Designing the solution

Based on these requirements, the new solution should look like this. All required logic resides in the ZooKeeper client (HA Client) which is part of the application itself. Our scope was limited to the application part, therefore the setup of our primary and inquiry hosts remains unchanged.

Overview of the new ZooKeeper client

First version

During the hackathon, we decided to focus on the first three requirements from the list above. The proof of concept implementation was done in our own development environment, so we agreed that the other requirements were of lesser importance at this moment. In case we could not prove the feasibility of the others, the entire proposal was not a viable solution anyhow.

At the end of the hackathon, we concluded that we managed to fulfill all three requirements. Our sandbox environment allowed us to simulate the various ZooKeeper events, and they were processed correctly by our implementation. On top of that, we were already able to implement the monitoring requirement as well. This allowed us to easily check the dashboard for the current state of the connections.

Next steps

Since the hackathon, we have continued development of our new ZooKeeper client. The remaining security requirement was a burning topic, and we have now managed to encrypt all connections towards the ZooKeeper cluster and the AE servers. With these changes, we have fulfilled all requirements we set upfront. Nevertheless, there is still a significant improvement we would like to make.

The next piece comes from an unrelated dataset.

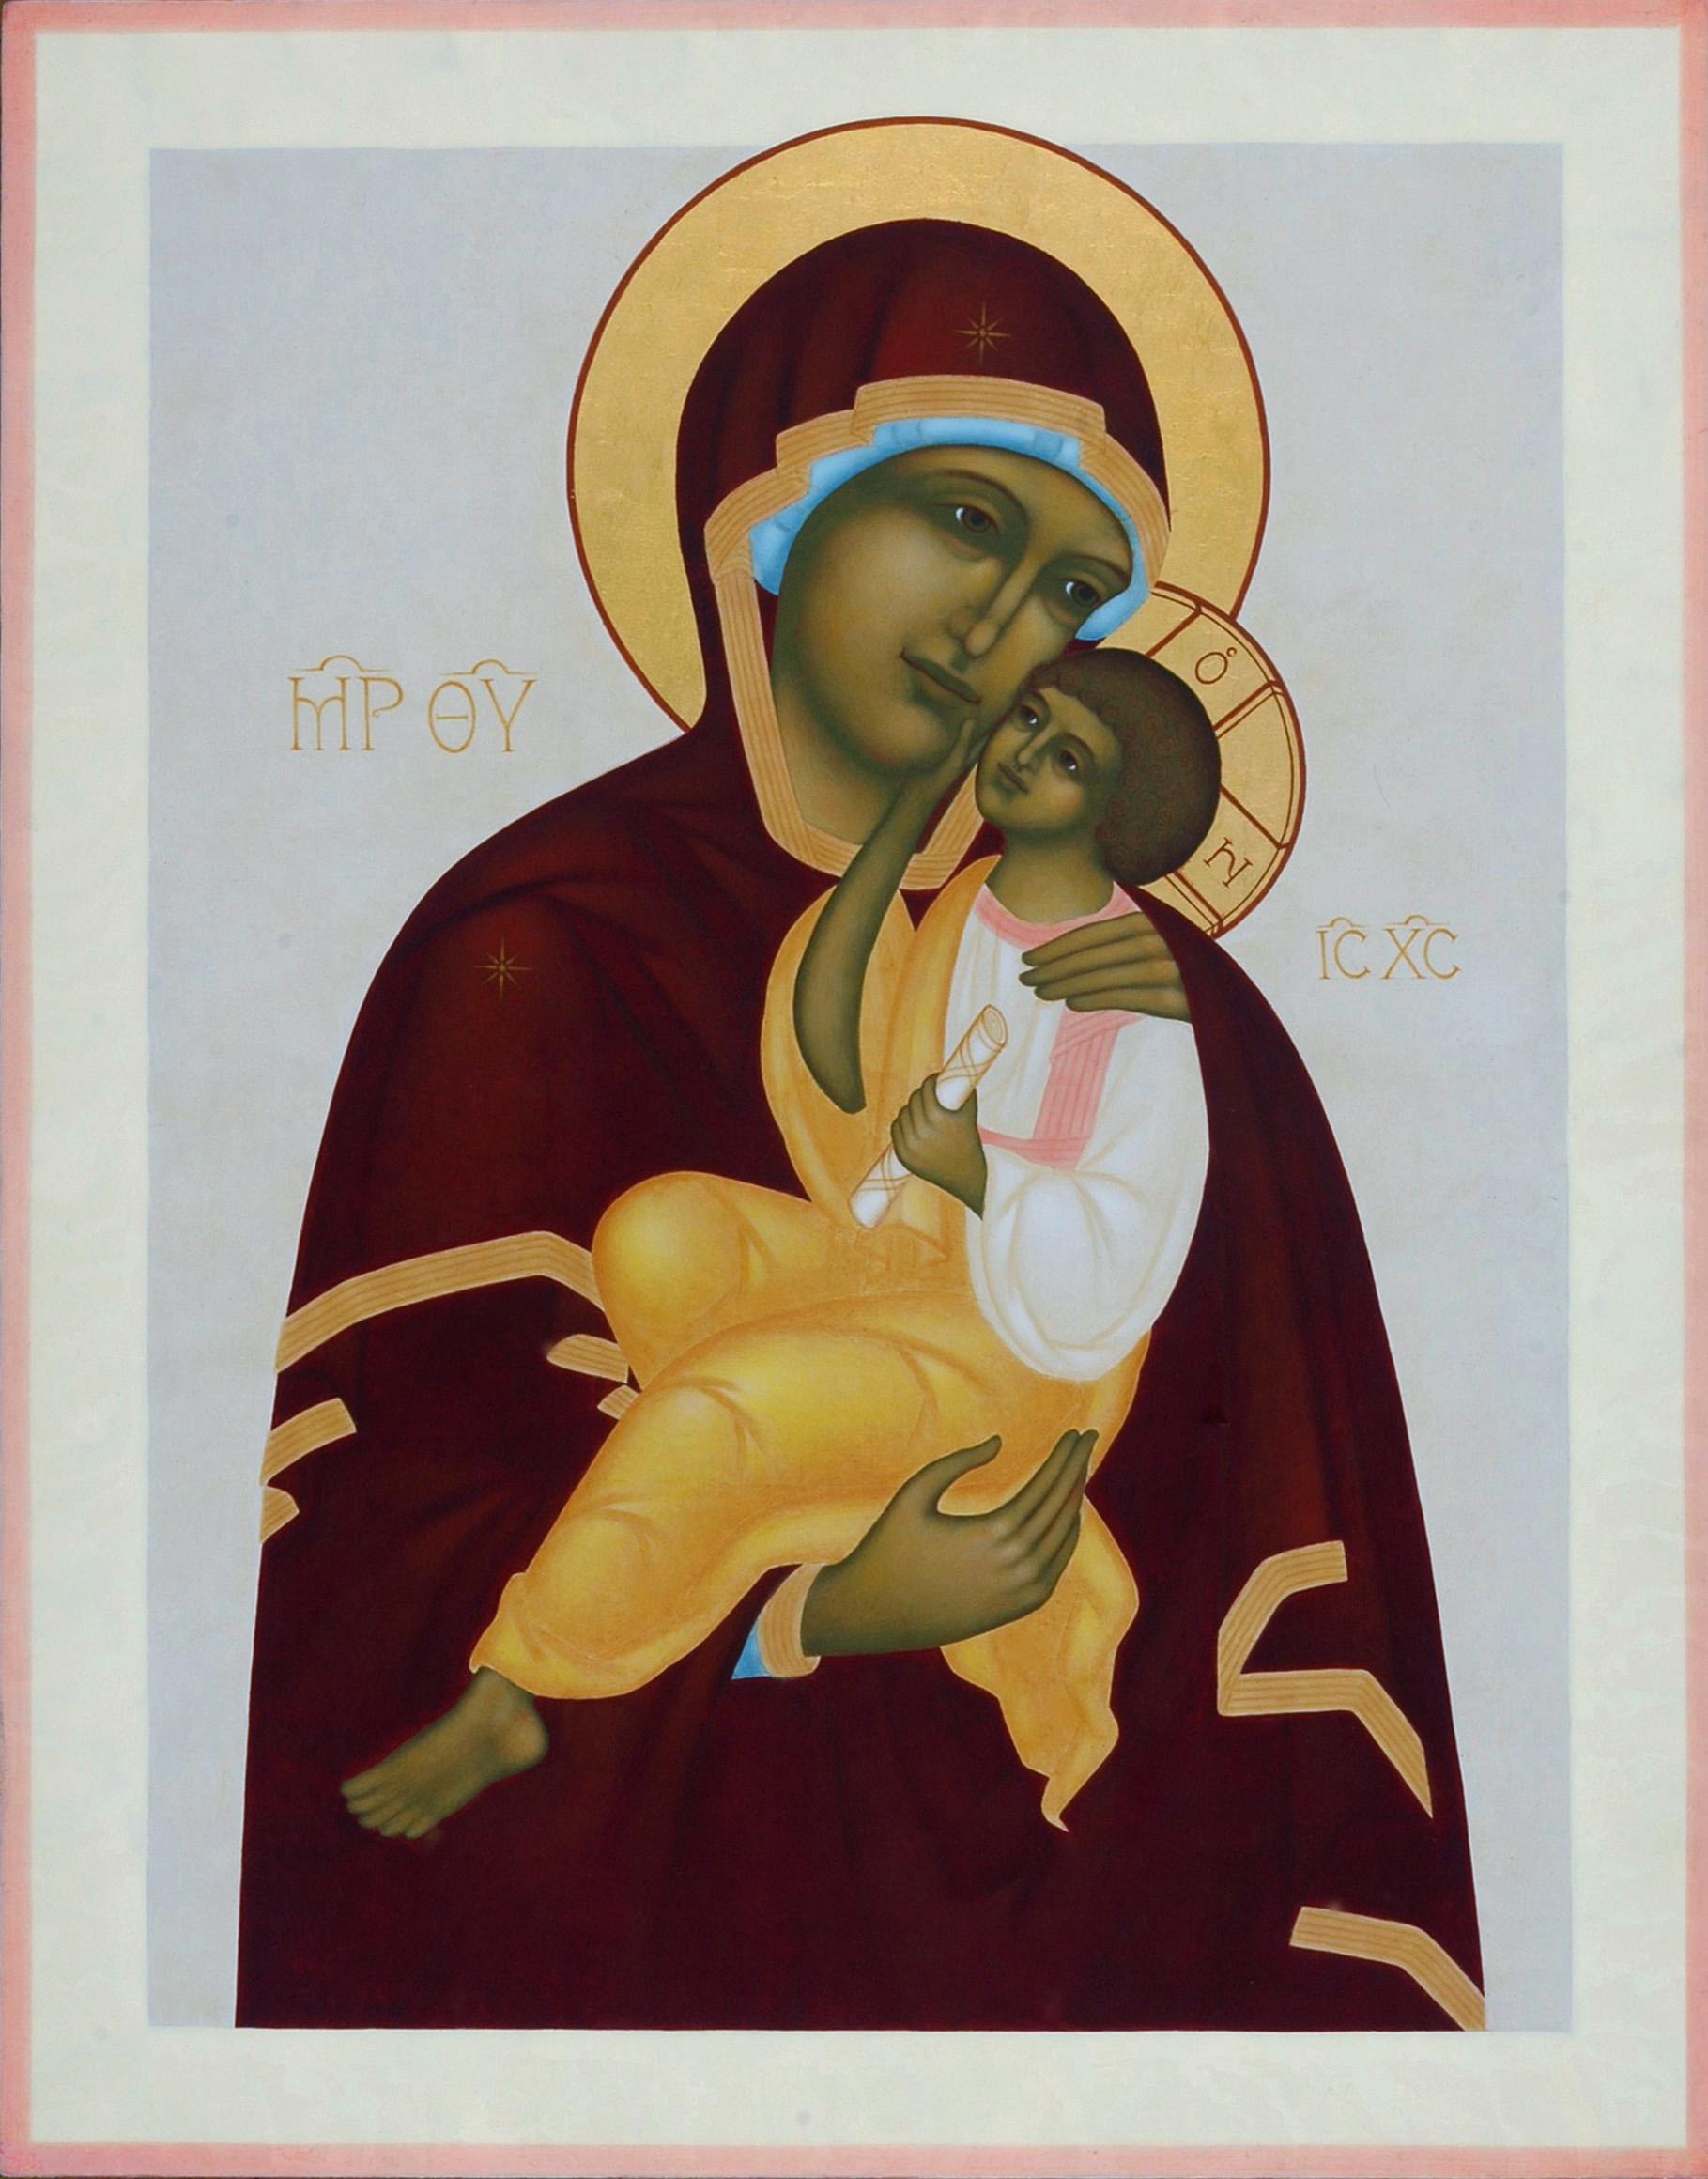 1. Ömhetens Gudsmoder. 2006. 53,5 x 42 cm. Foto Bo Wiberg kopia 2
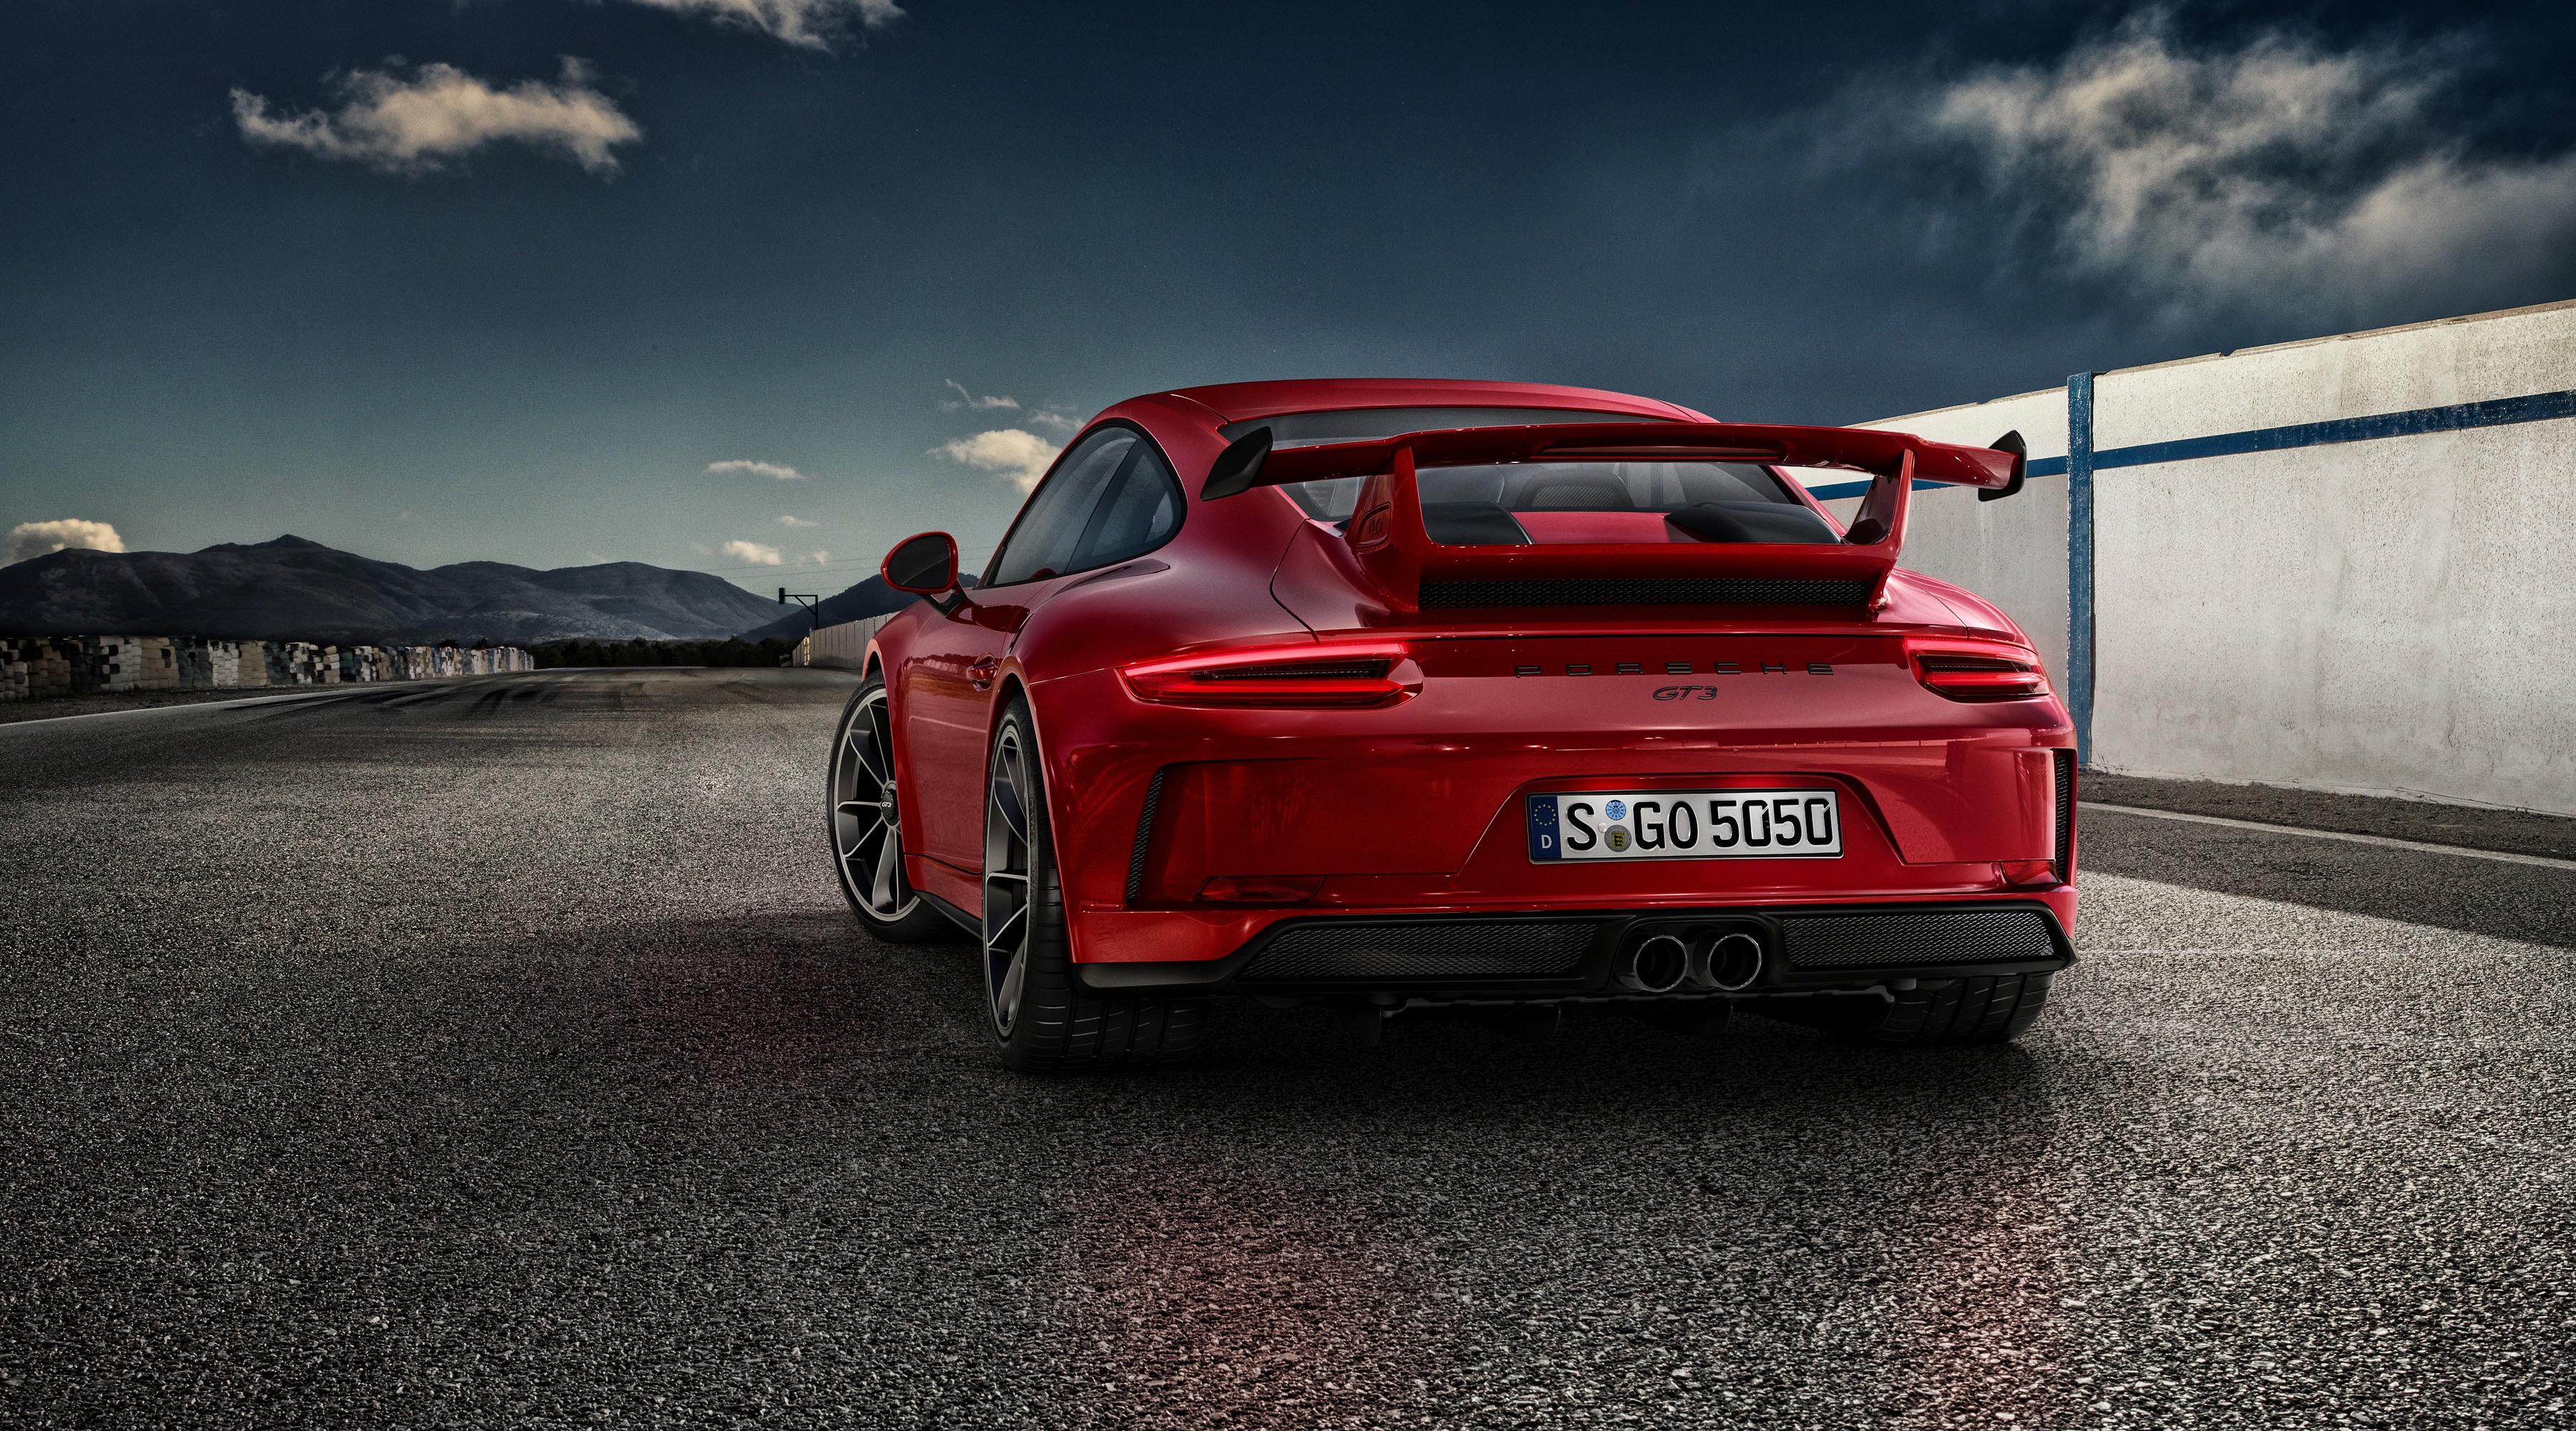 Porsche 911 GT3 HD Wallpaper Background Image 3600x2000 ID 3600x2000

Currently, we have multiple inquiry instances available but only actively use one. The other instances are only used when a ZooKeeper event occurred that caused the configuration to update. It would be better to take advantage of all active inquiry hosts instead, and distribute our load across them. In case of issues with one host, the client could then automatically route traffic to the others instead. This will contribute to always being available for our customers.